Supplied information

★ ★ ★ ★ ★ ★ ★

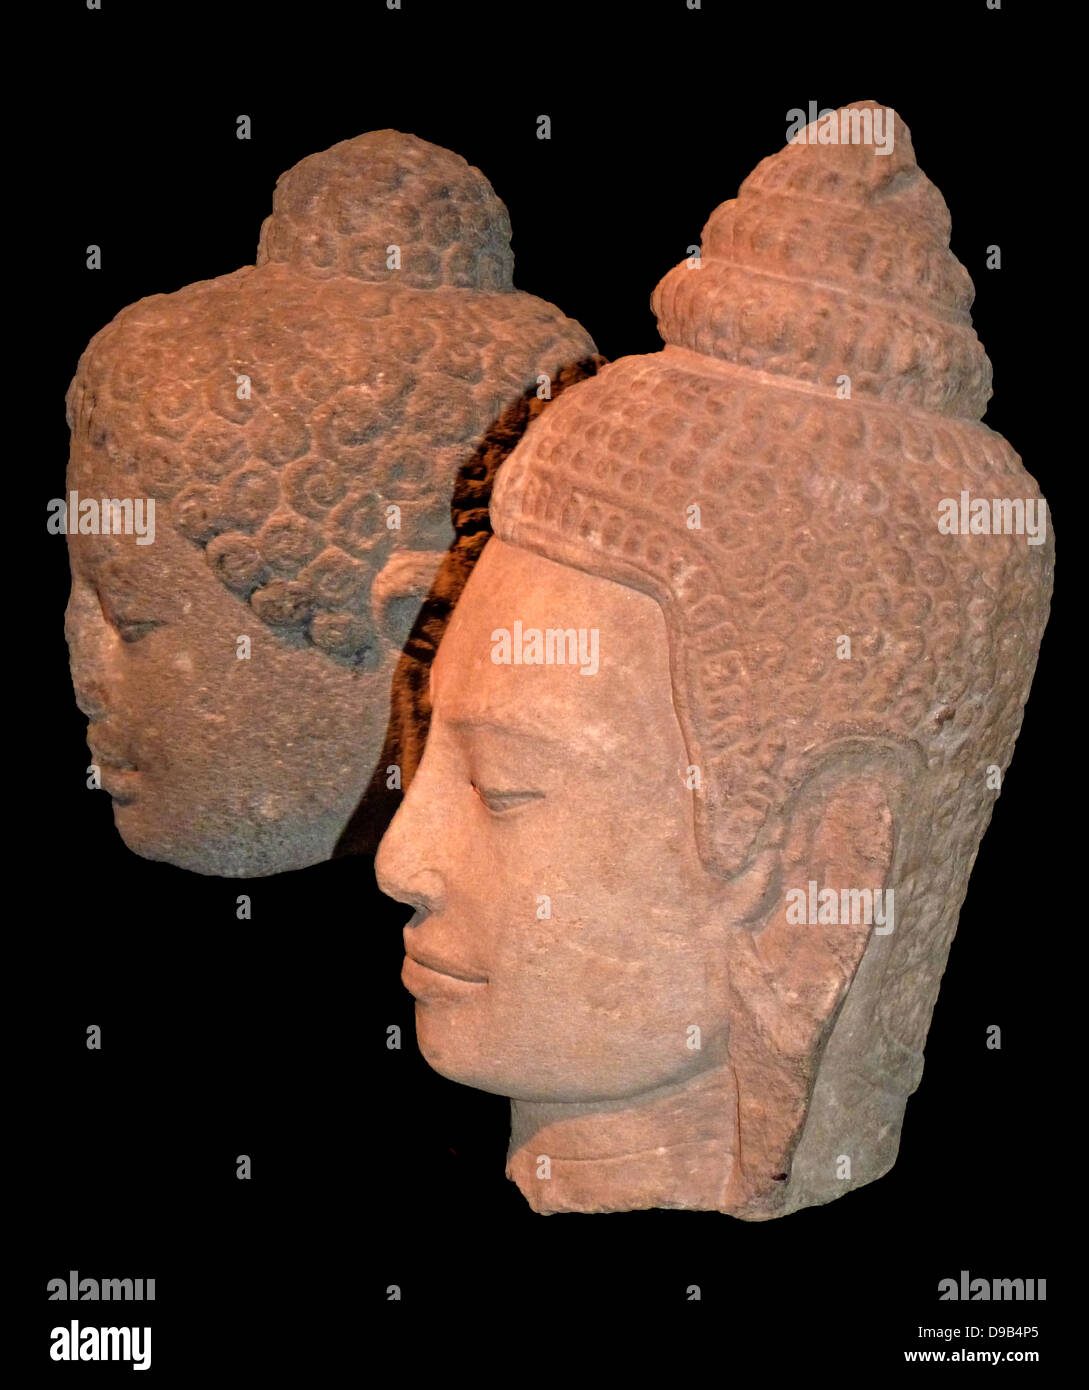 Head of the Buddha. 800-30, Shailendra dynasty, Central Java, Stone.  The head originally formed part of a large-scale image of Buddha Shakyamuni. The Shailendra rulers were strong supporters of Mahayana Buddhism and erected many Buddhist monuments in cen Stock Photo
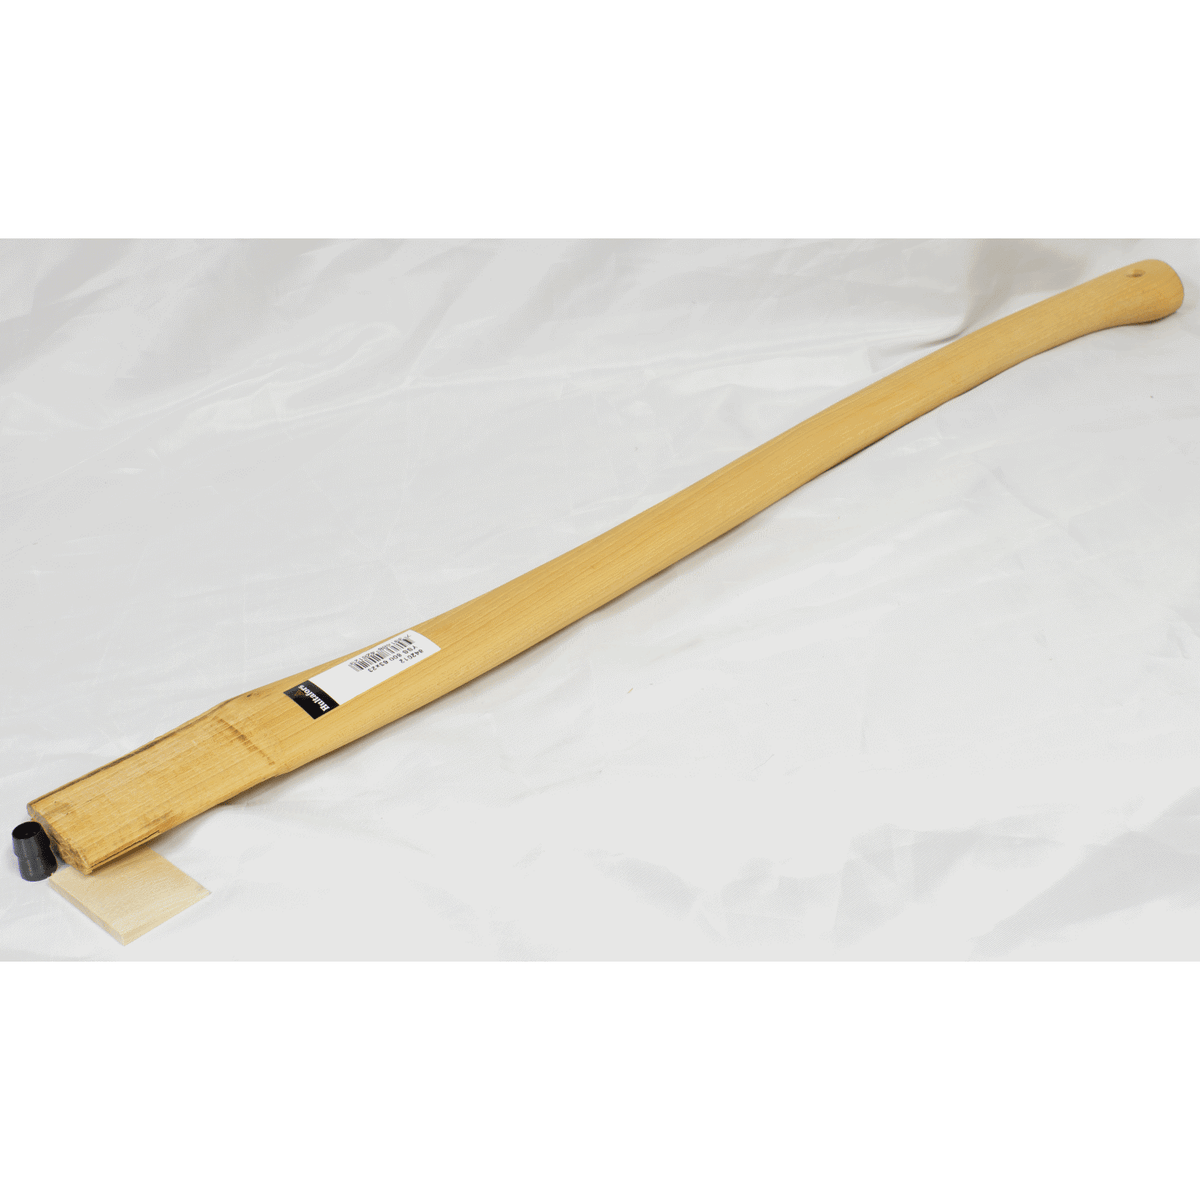 Spare Handle-Shaft for AGDOR Felling Axe, Montreal Pattern, Larger Model YSS 800 63x23 - Axeman.ca
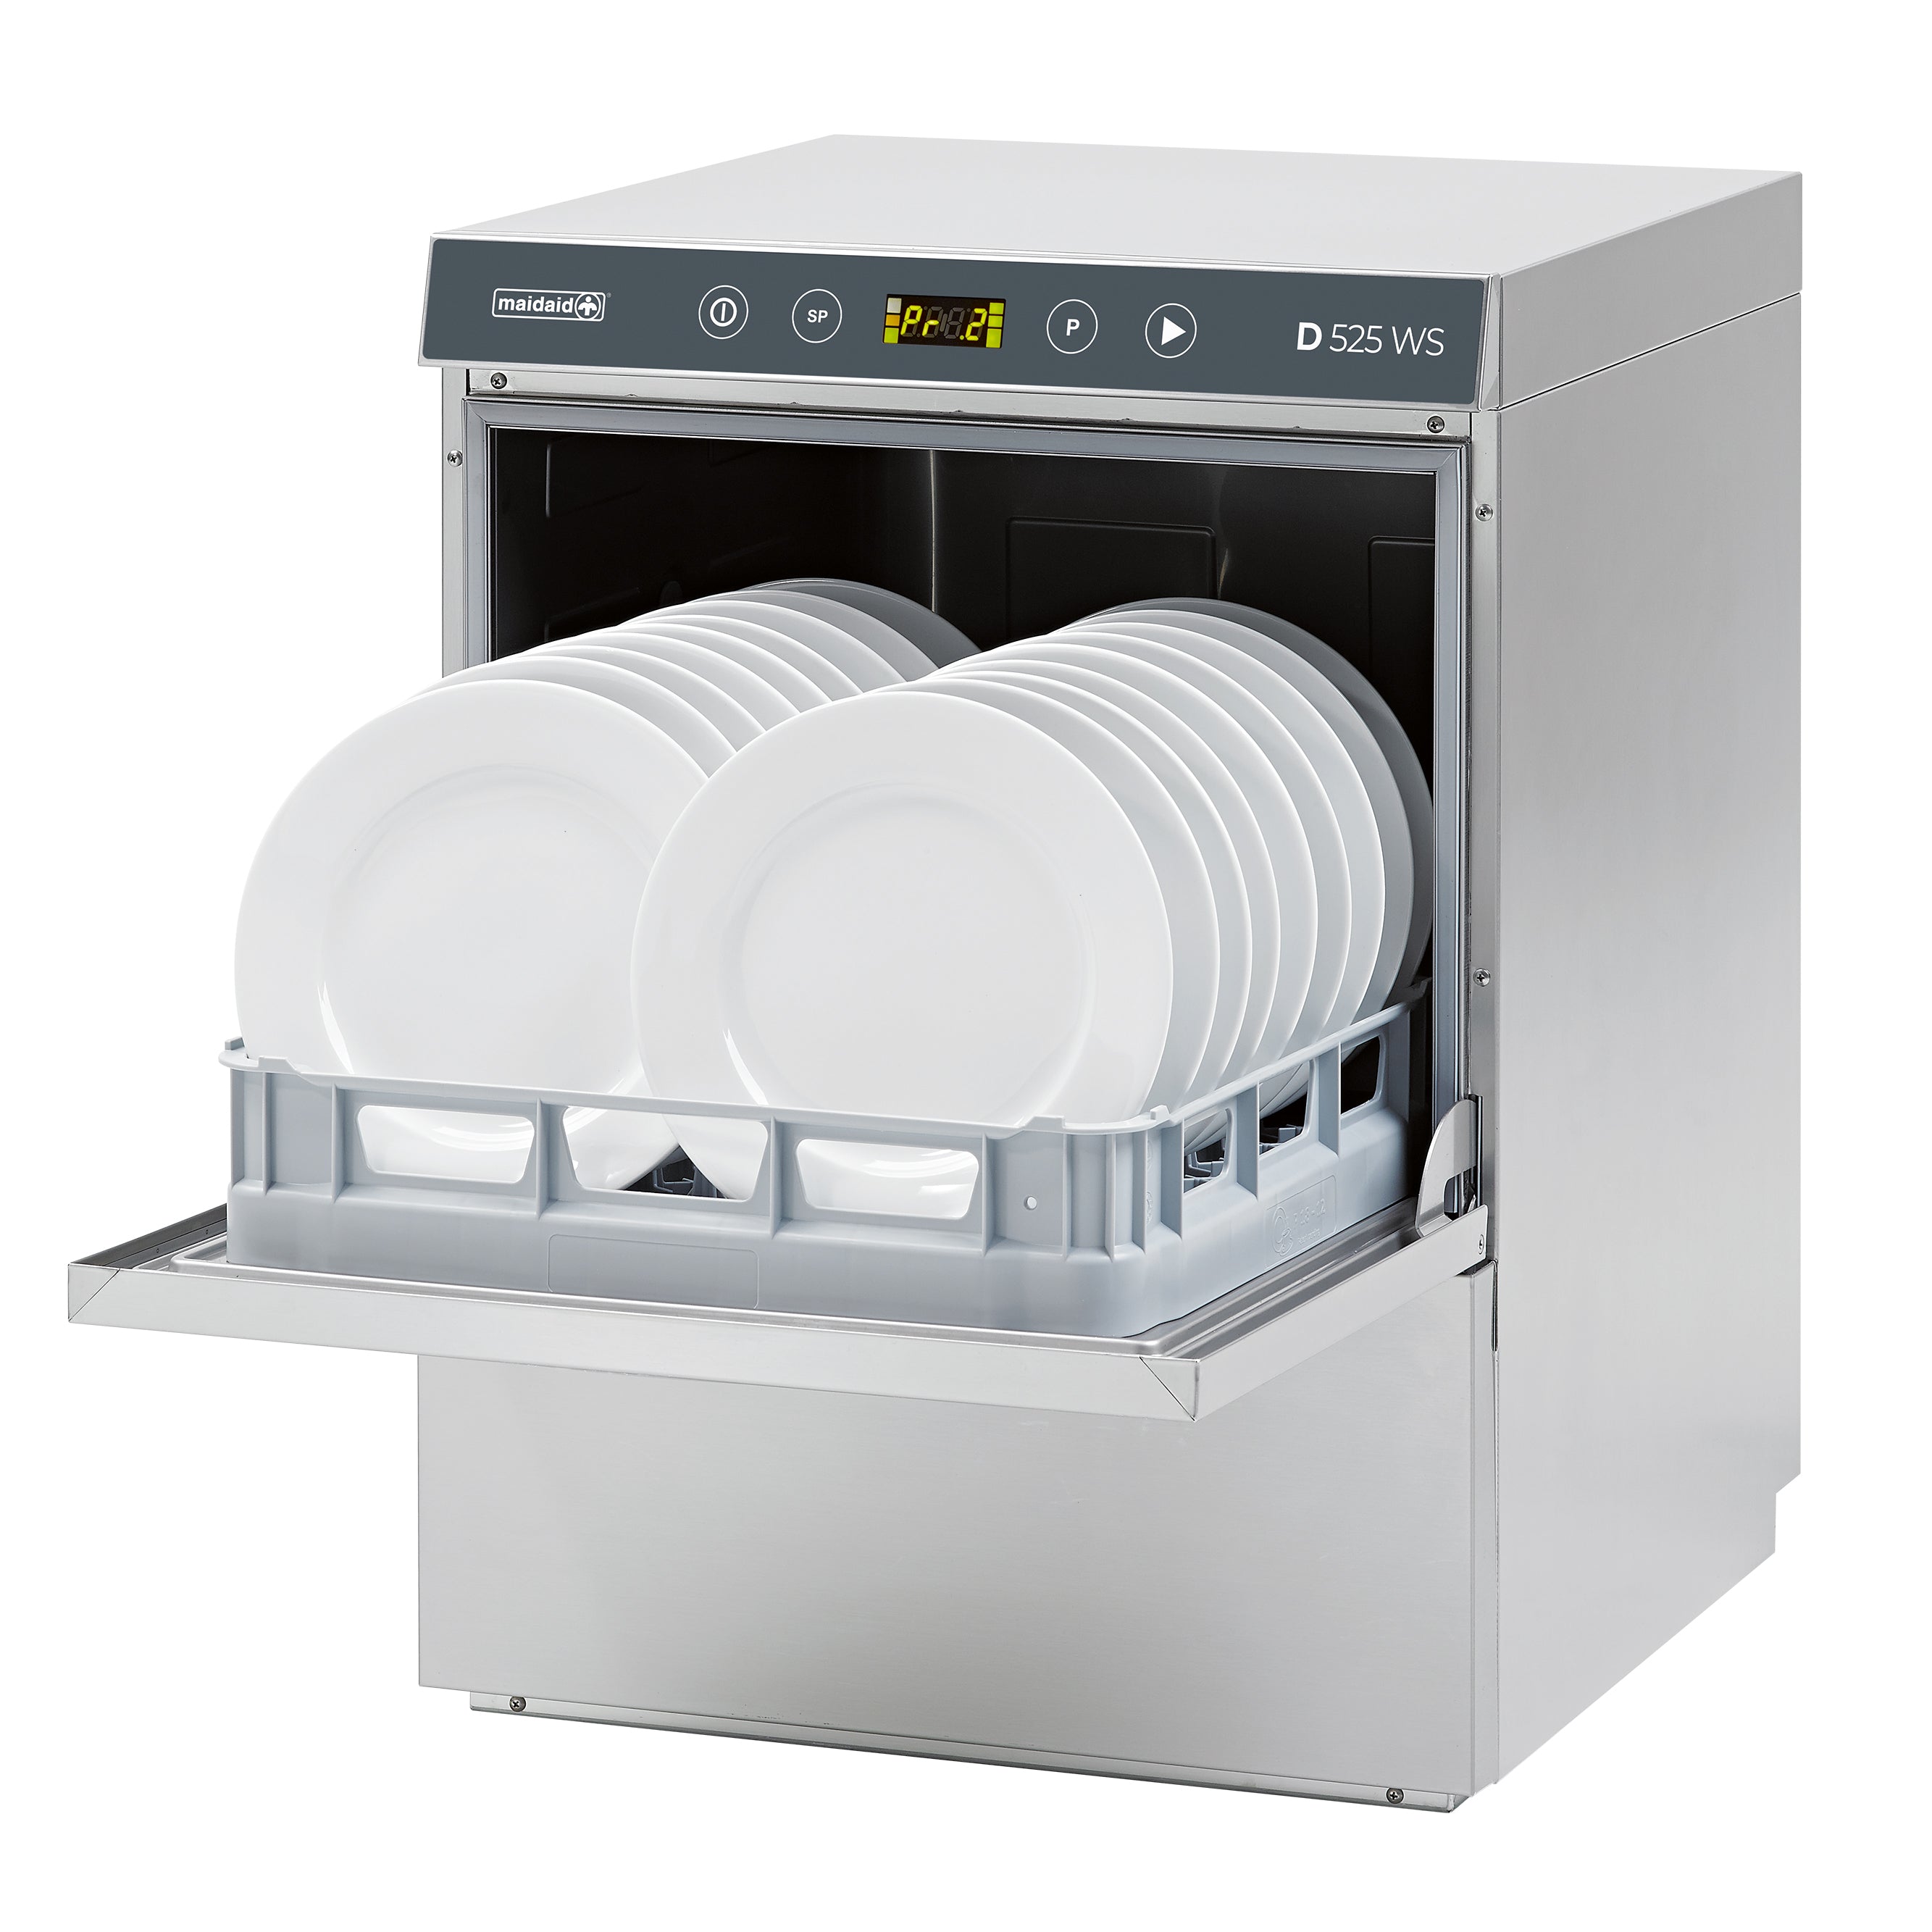 Maidaid D525WS Dishwasher/Glasswasher JD Catering Equipment Solutions Ltd

★ ★ ★ ★ ★ ★ ★

What you should do
Please copy out the whole listing exactly as it stands, minus the pictures.

Solution to this exercise
 Head of the Buddha. 800-30, Shailendra dynasty, Central Java, Stone.  The head originally formed part of a large-scale image of Buddha Shakyamuni. The Shailendra rulers were strong supporters of Mahayana Buddhism and erected many Buddhist monuments in cen Stock Photo
 Spare Handle-Shaft for AGDOR Felling Axe, Montreal Pattern, Larger Model YSS 800 63x23 - Axeman.ca
 Maidaid D525WS Dishwasher/Glasswasher JD Catering Equipment Solutions Ltd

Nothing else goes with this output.